(Records from a data source)
:::::

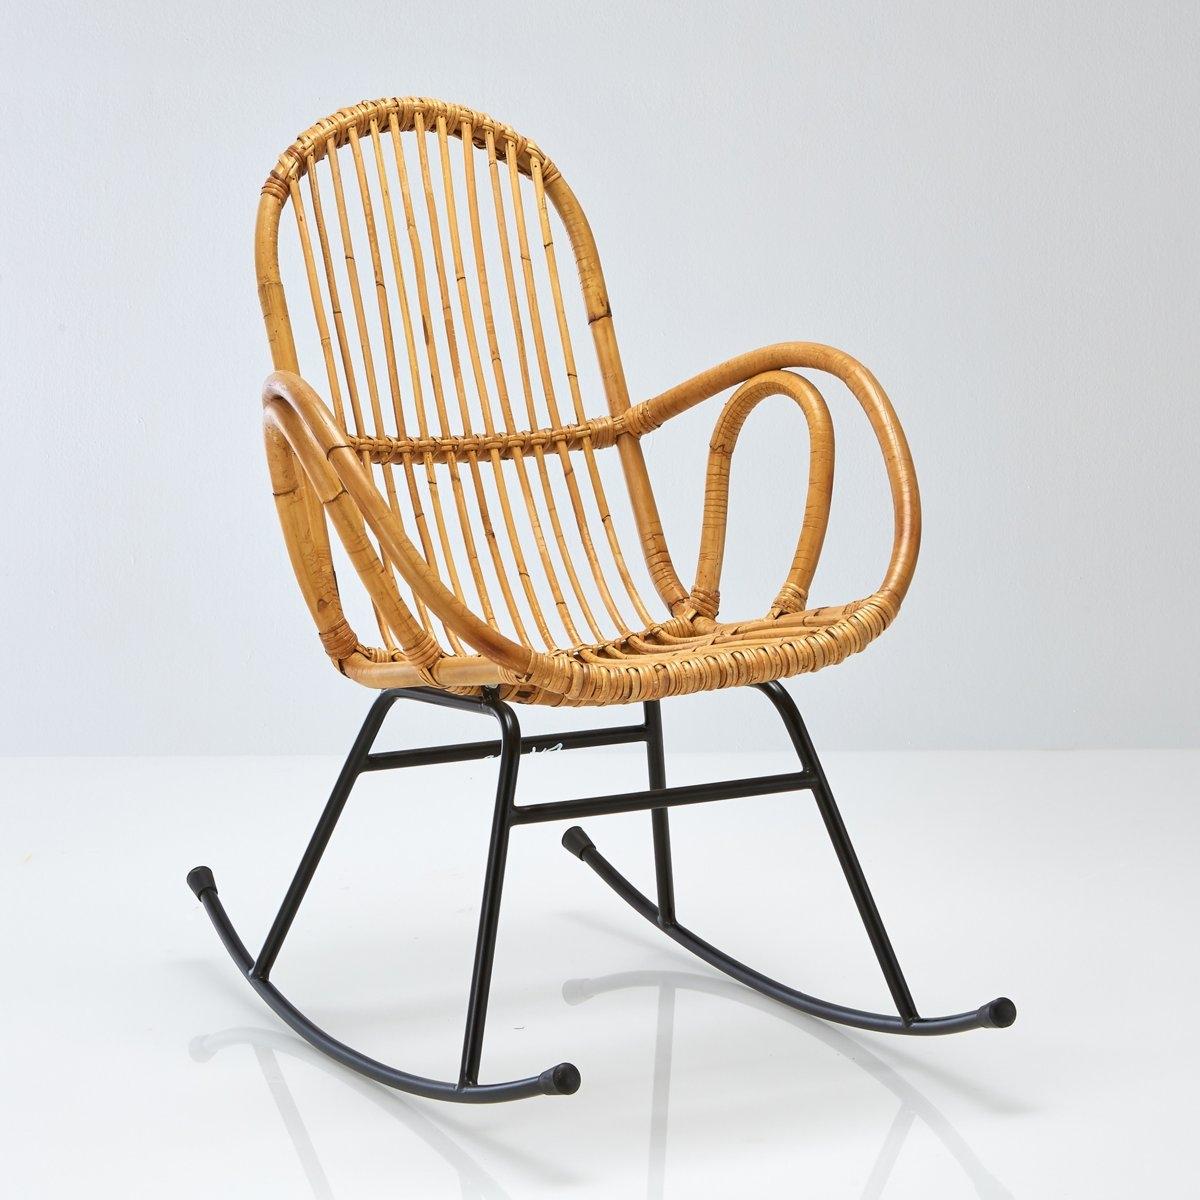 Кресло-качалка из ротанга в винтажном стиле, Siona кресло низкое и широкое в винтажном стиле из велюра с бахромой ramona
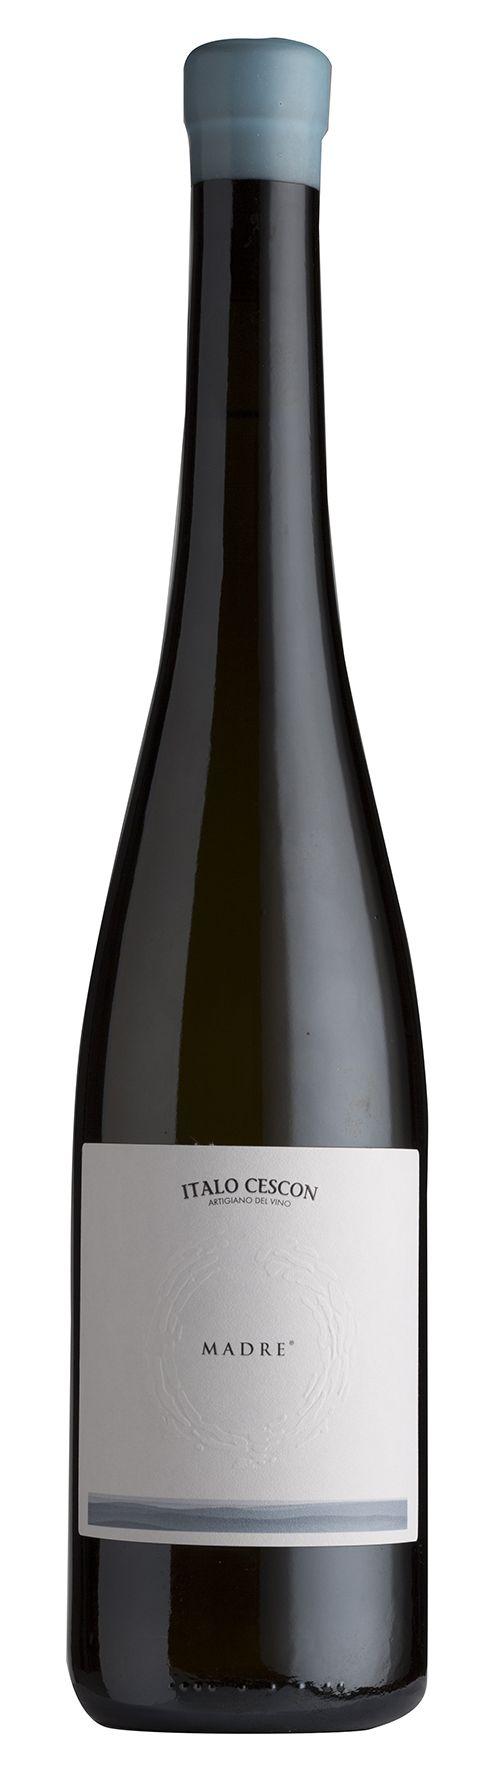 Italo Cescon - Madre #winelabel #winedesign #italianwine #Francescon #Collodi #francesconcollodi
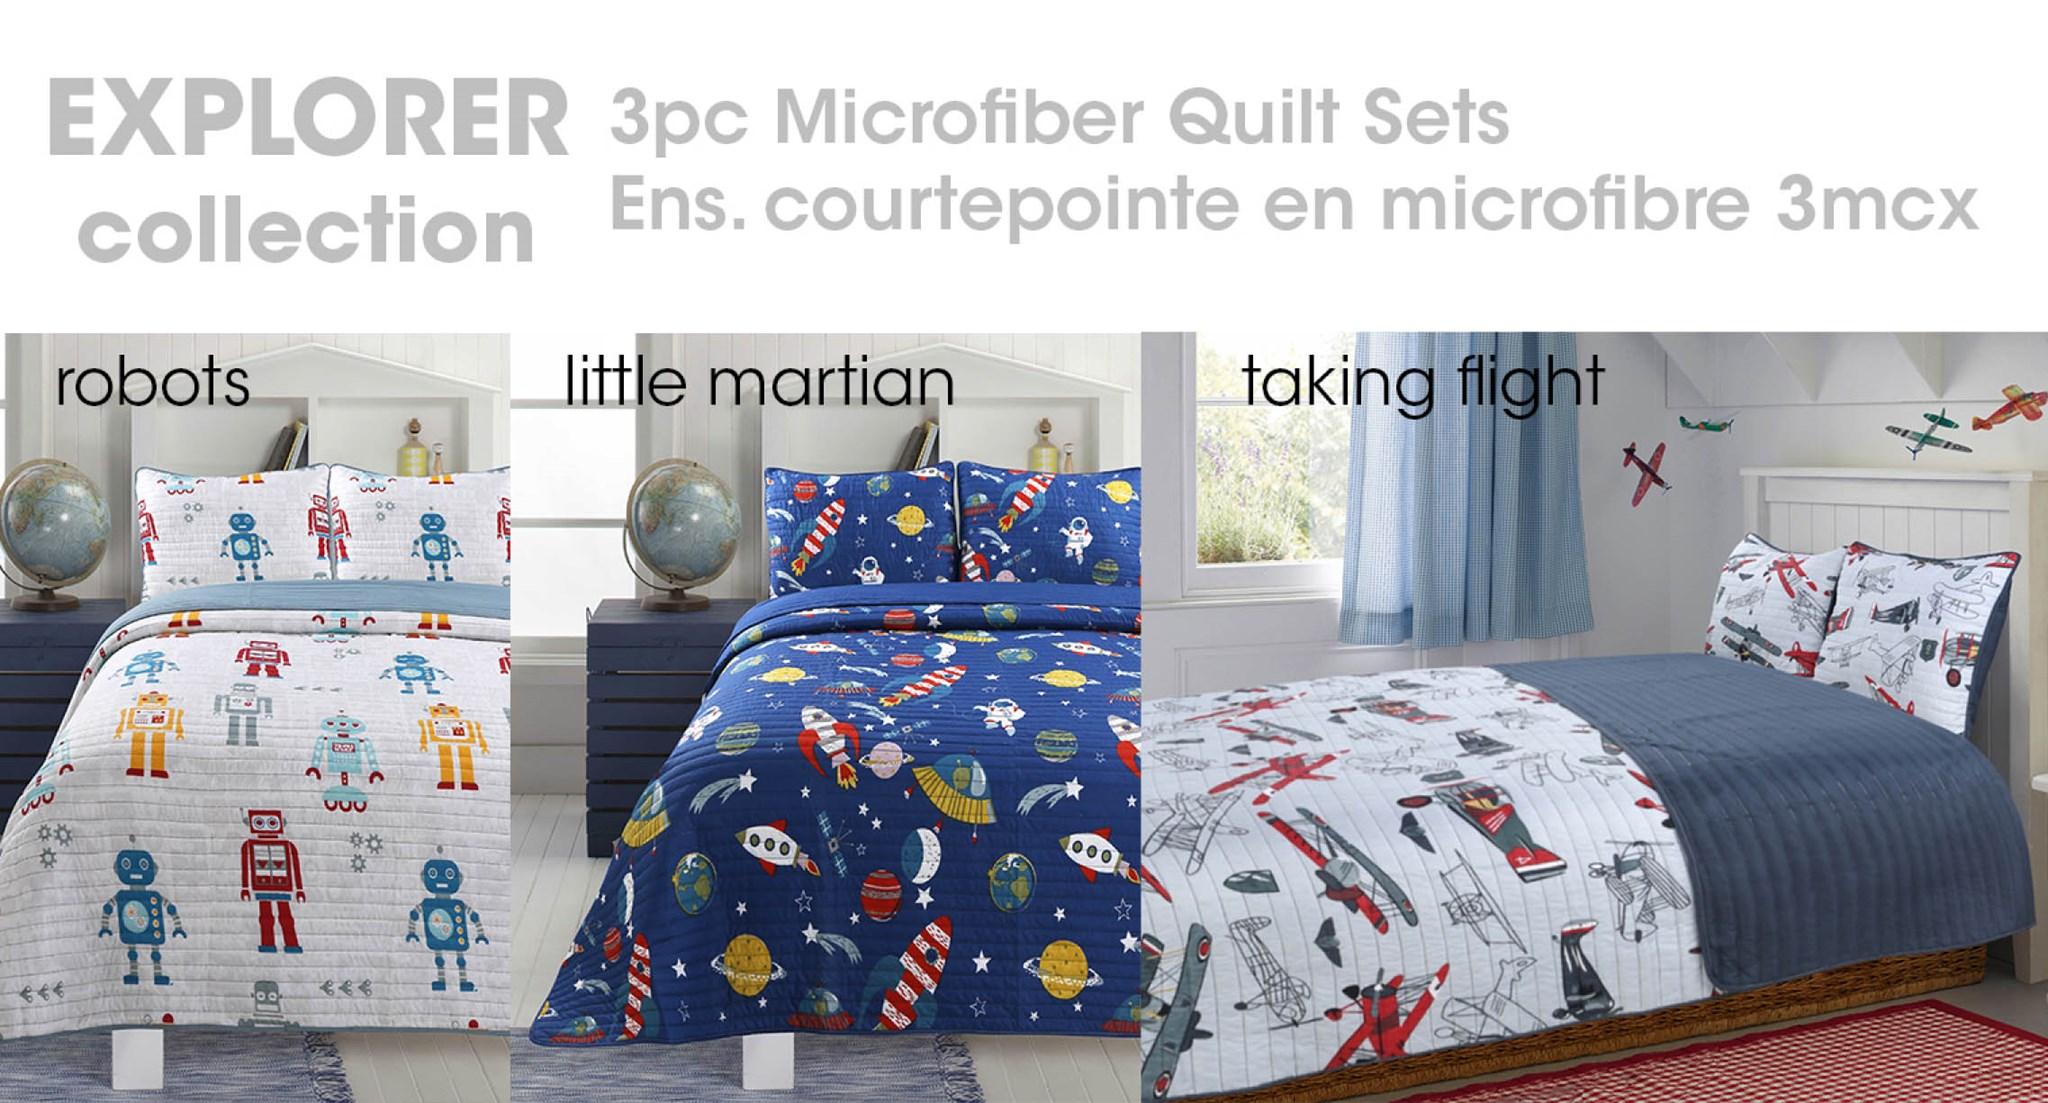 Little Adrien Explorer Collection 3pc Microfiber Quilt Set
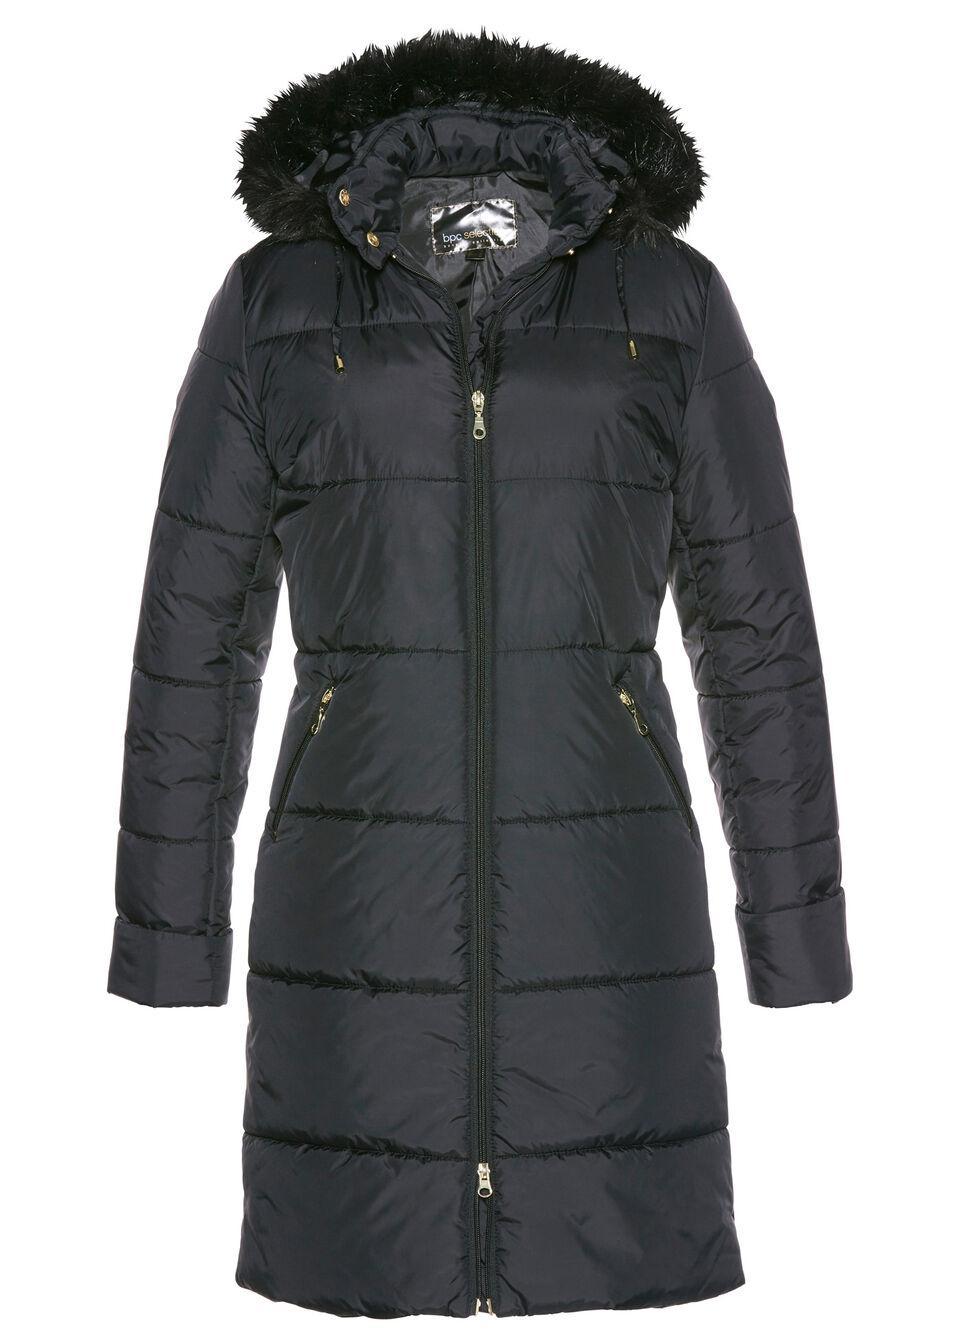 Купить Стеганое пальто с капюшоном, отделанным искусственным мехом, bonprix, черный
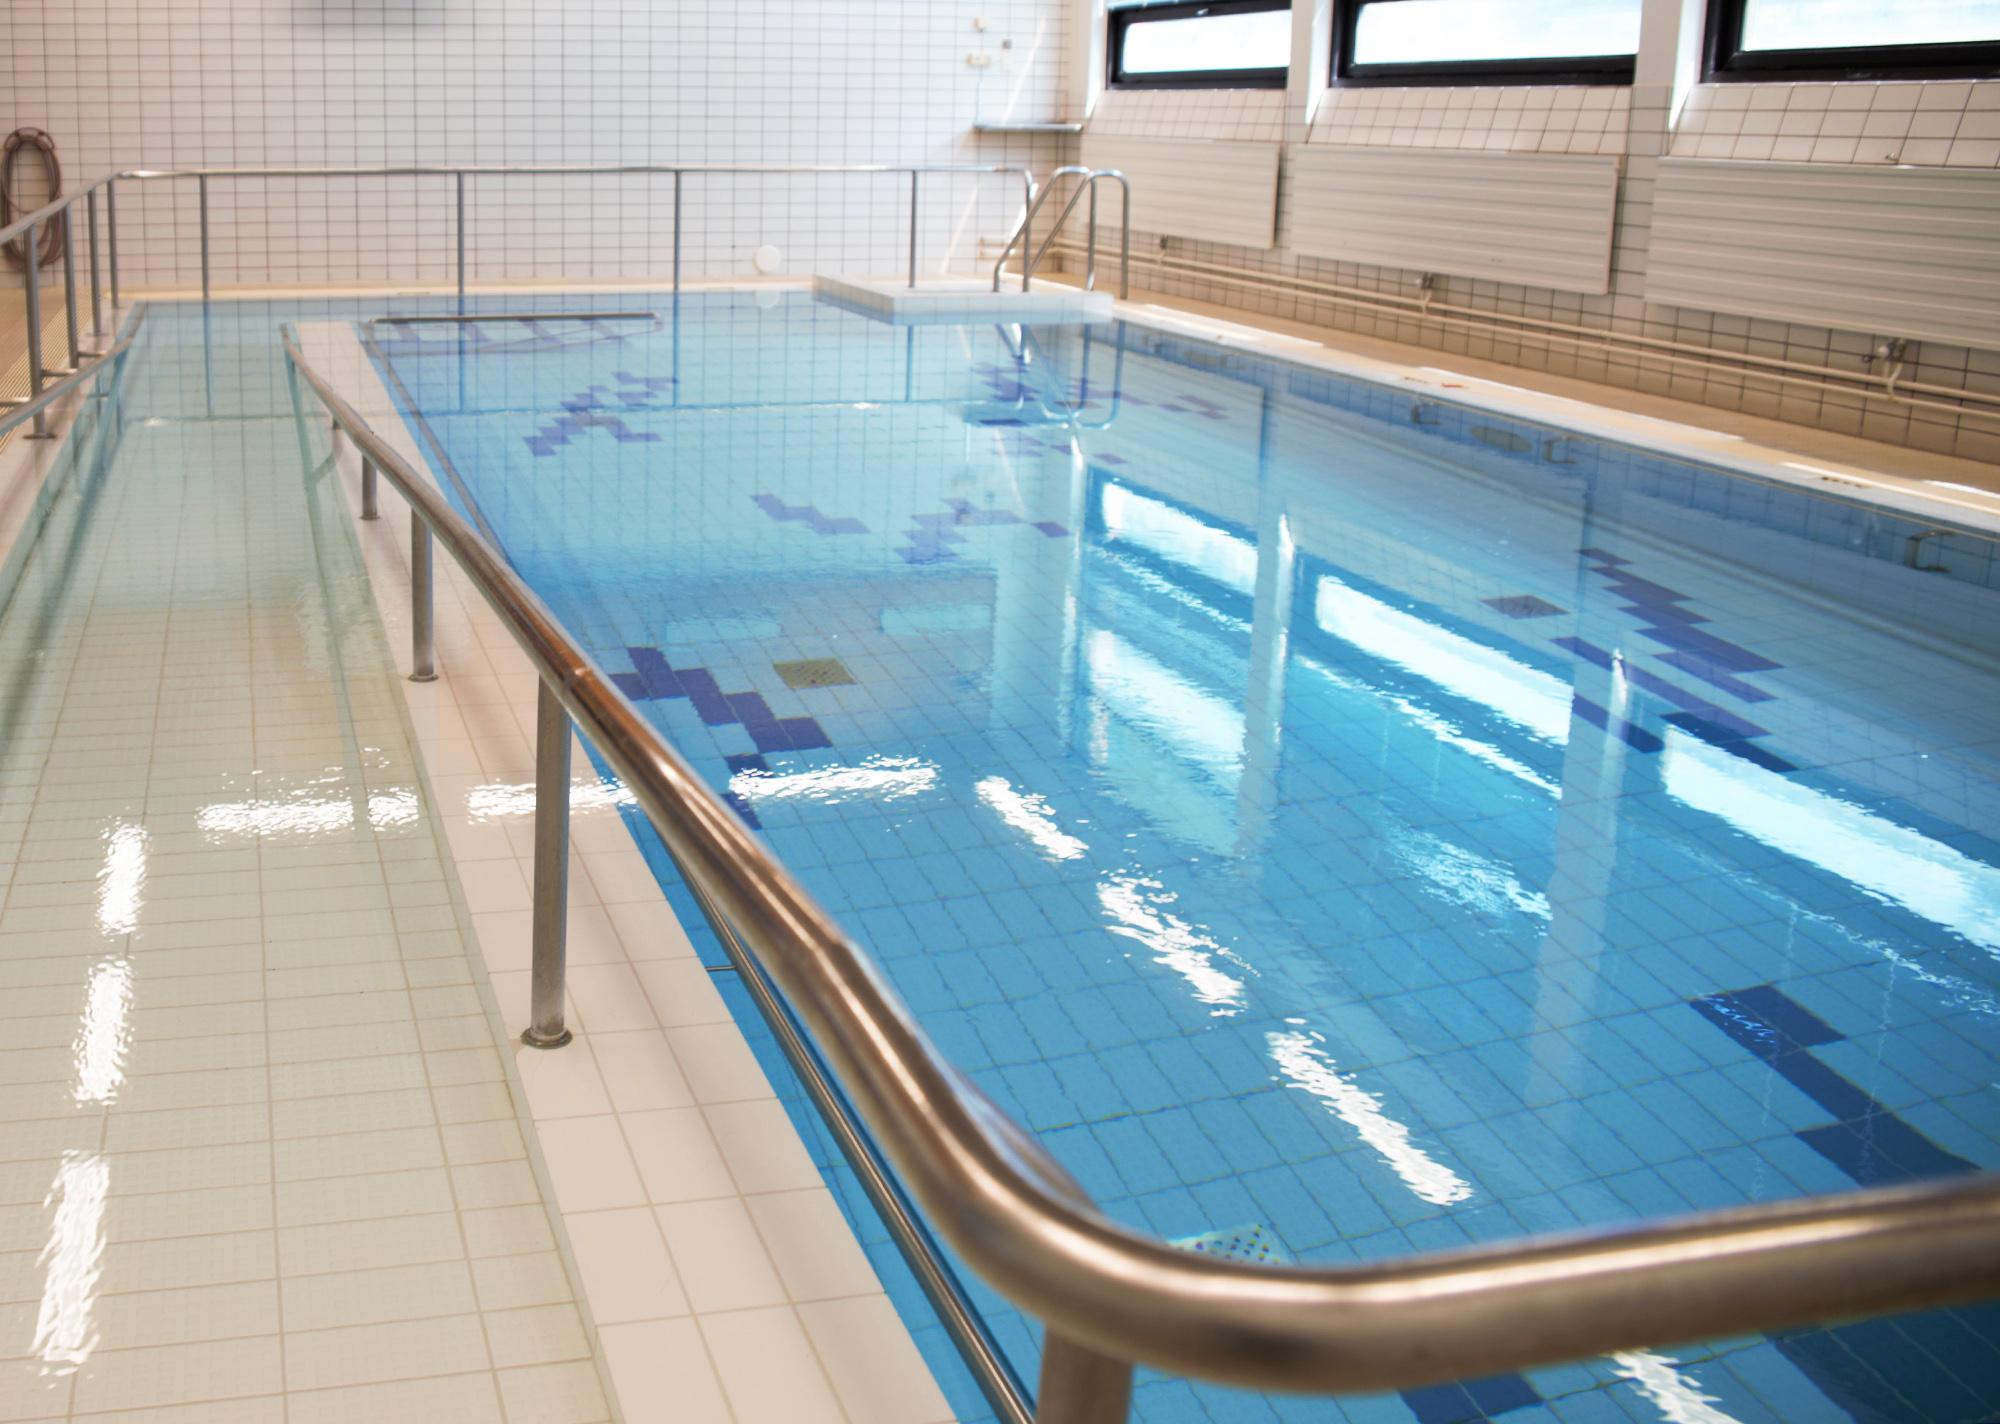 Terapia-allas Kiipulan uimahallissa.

:::::

▶ BRIEF
Would you return the records exactly as written, minus any image?

▶ COMPLETED EXERCISE
 Кресло-качалка из ротанга в винтажном стиле, Siona кресло низкое и широкое в винтажном стиле из велюра с бахромой ramona
 Italo Cescon - Madre #winelabel #winedesign #italianwine #Francescon #Collodi #francesconcollodi
 Little Adrien Explorer Collection 3pc Microfiber Quilt Set
 Купить Стеганое пальто с капюшоном, отделанным искусственным мехом, bonprix, черный
 Terapia-allas Kiipulan uimahallissa.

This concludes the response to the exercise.